The BBC reports that at another round of UNASUR meetings, beginning today in Quito, will take up the issue of weapons and militarization once again. The stated objective of the meeting is for UNASUR members to reach a level of “mutual confidence” with one another on establishing mechanisms for the exchange of military and security information, the BBC says. Brazil, in particular, has said member nations should be transparent about their military purchases with countries outside the region. In turn, it has said it would make public all details of its recent military deal with France. The idea of having UNASUR inspect each country’s military bases, presented at the last meeting of the group by Ecuador’s Rafael Correa, will likely also be raised.

In the spirit of talks, Correa’s Ecuador announced that its foreign minister Fander Falconi would meet with Colombian foreign minister Jaime Bermudez early next week at the UN’s General Assembly as well. The two countries have not held direct talks in over a year and a half, after Colombia struck a FARC camp in Ecuadorean territory. Negotiations are said to be “discreet” and will be aided by the Carter Center and the OAS. For his part, Falconi urged low expectations for the first encounter, writes the AP. “We are going to start a dialogue, but the two societies, the two peoples, should understand that we are not going to immediately re-establish diplomatic relations.”

In other news, the UN General Assembly’s head, Nicaragua’s Miguel D’Escoto, finished his term yesterday and the Miami Herald writes a critical appraisal of his time in office. For this 76-year-old Catholic priest turned diplomat, flanking a president deposed in an early-morning coup, illustrates a new kind of U.N. leadership: one that takes stands and chooses sides. He deliberately uses his position to represent developing nations in the face of global power and says efforts by ‘empires’ to sideline him failed. The Inter-American Dialogue’s Peter Hakim also had less than gushing reviews of his tenure. “In a region marked by huge ideological rifts, he planted himself to one side of that rift and contributed more to the polarization. It wasn't very constructive.”
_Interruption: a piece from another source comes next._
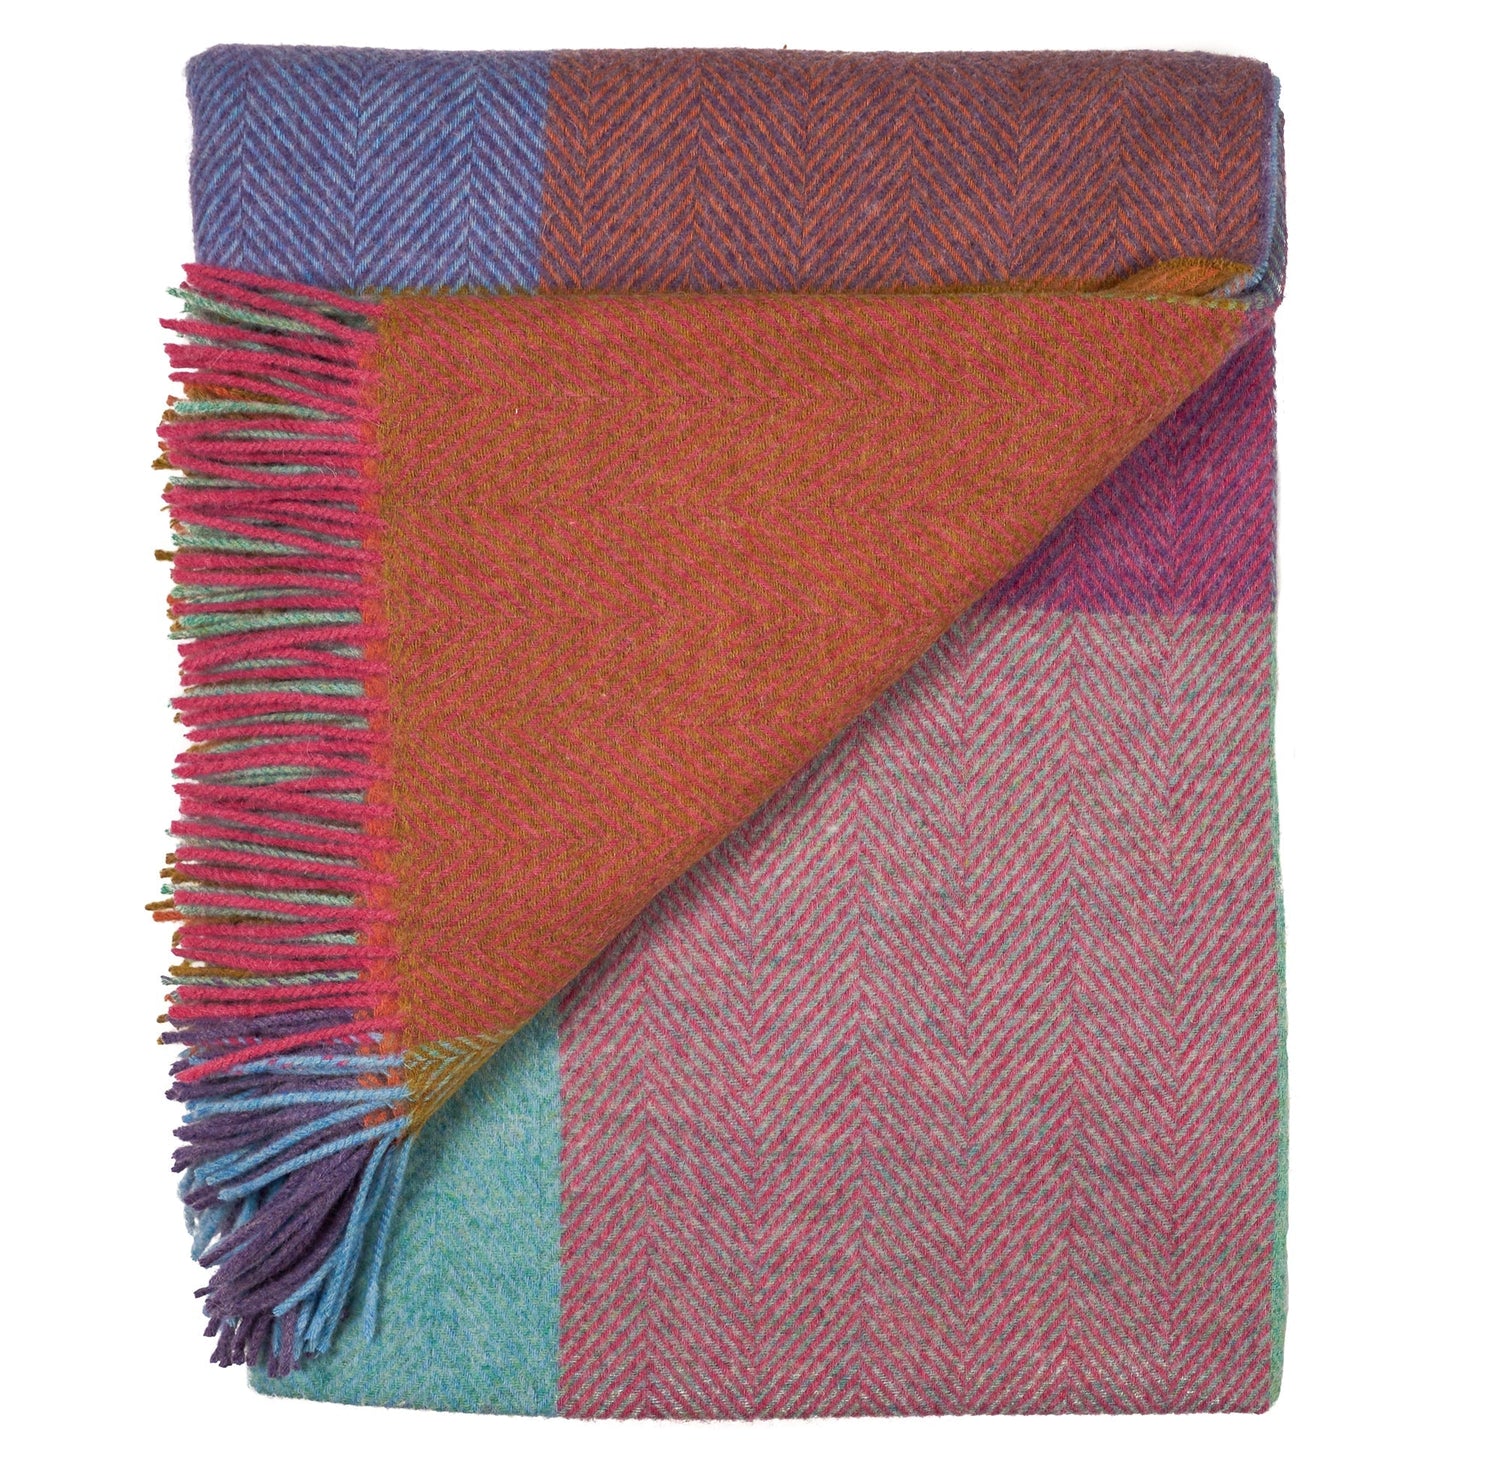 Southampton Home Merino Wool Geometric Block Throw (Kaleidoscope)-Throws and Blankets-810032753108-KaleidoscopeBlock-Prince of Scots
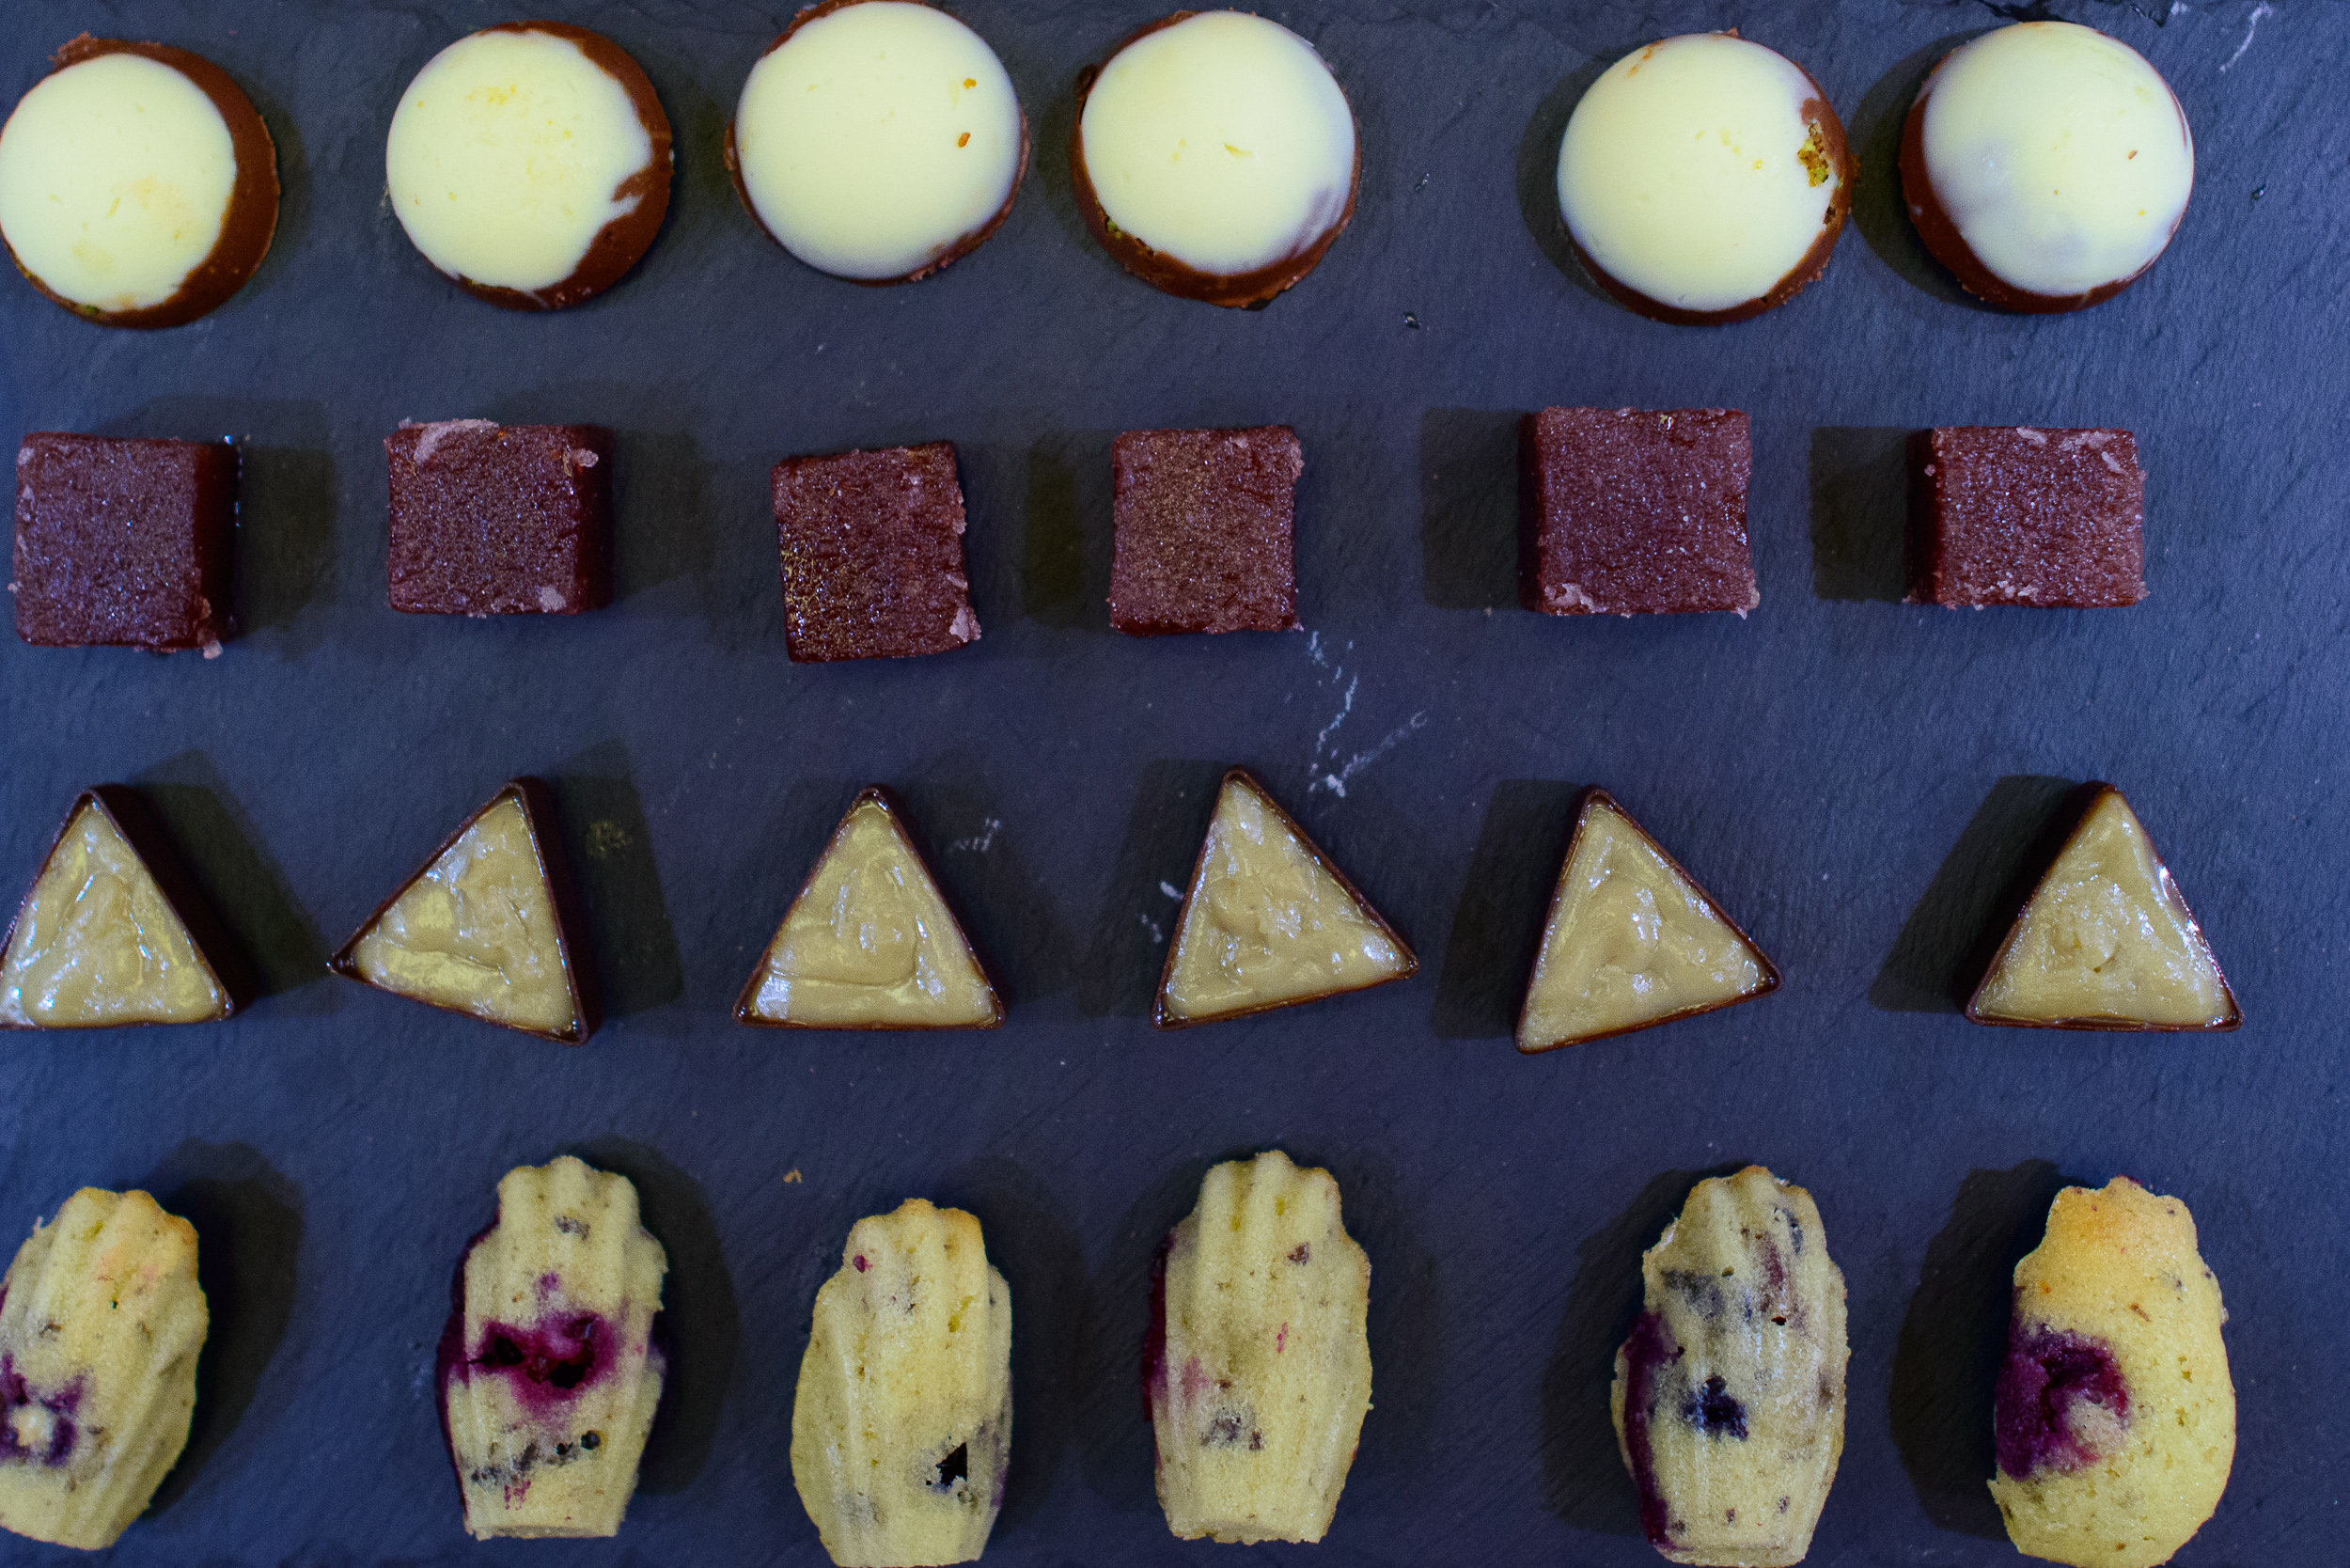 11th Course: Blueberry financier, sweet potato and banana truffl

The White House also signed a one-year extension of the Cuban trade embargo on Monday, dashing the hopes of many looking for deep changes in U.S.-Cuba policy. The measure was largely symbolic says the MH, but according to CDA’s Sarah Stephens, President Obama had forfeited a chance to send a message to Havana and the rest of Latin America that he was removing one of the foundations for the U.S. embargo against Cuba with the signing. At the same time, SFRC ranking member, Richard Lugar, introduced a bill Tuesday that would extend trade preferences to Uruguay under the Andean Trade Promotion and Drug Eradication Act. The bill’s proposal came after a meeting with Uruguayan President Tabaré Vázquez in Washington.

And finally, the AP reports the arrest of 31 Mexican police officers suspected of having ties to Mexican drug cartels. The arrests came after months of investigations, beginning last October, when “federal police arrested seven suspected Zeta accountants and found evidence of monthly payments to Hidalgo police from the gang, which is linked to the Gulf cartel.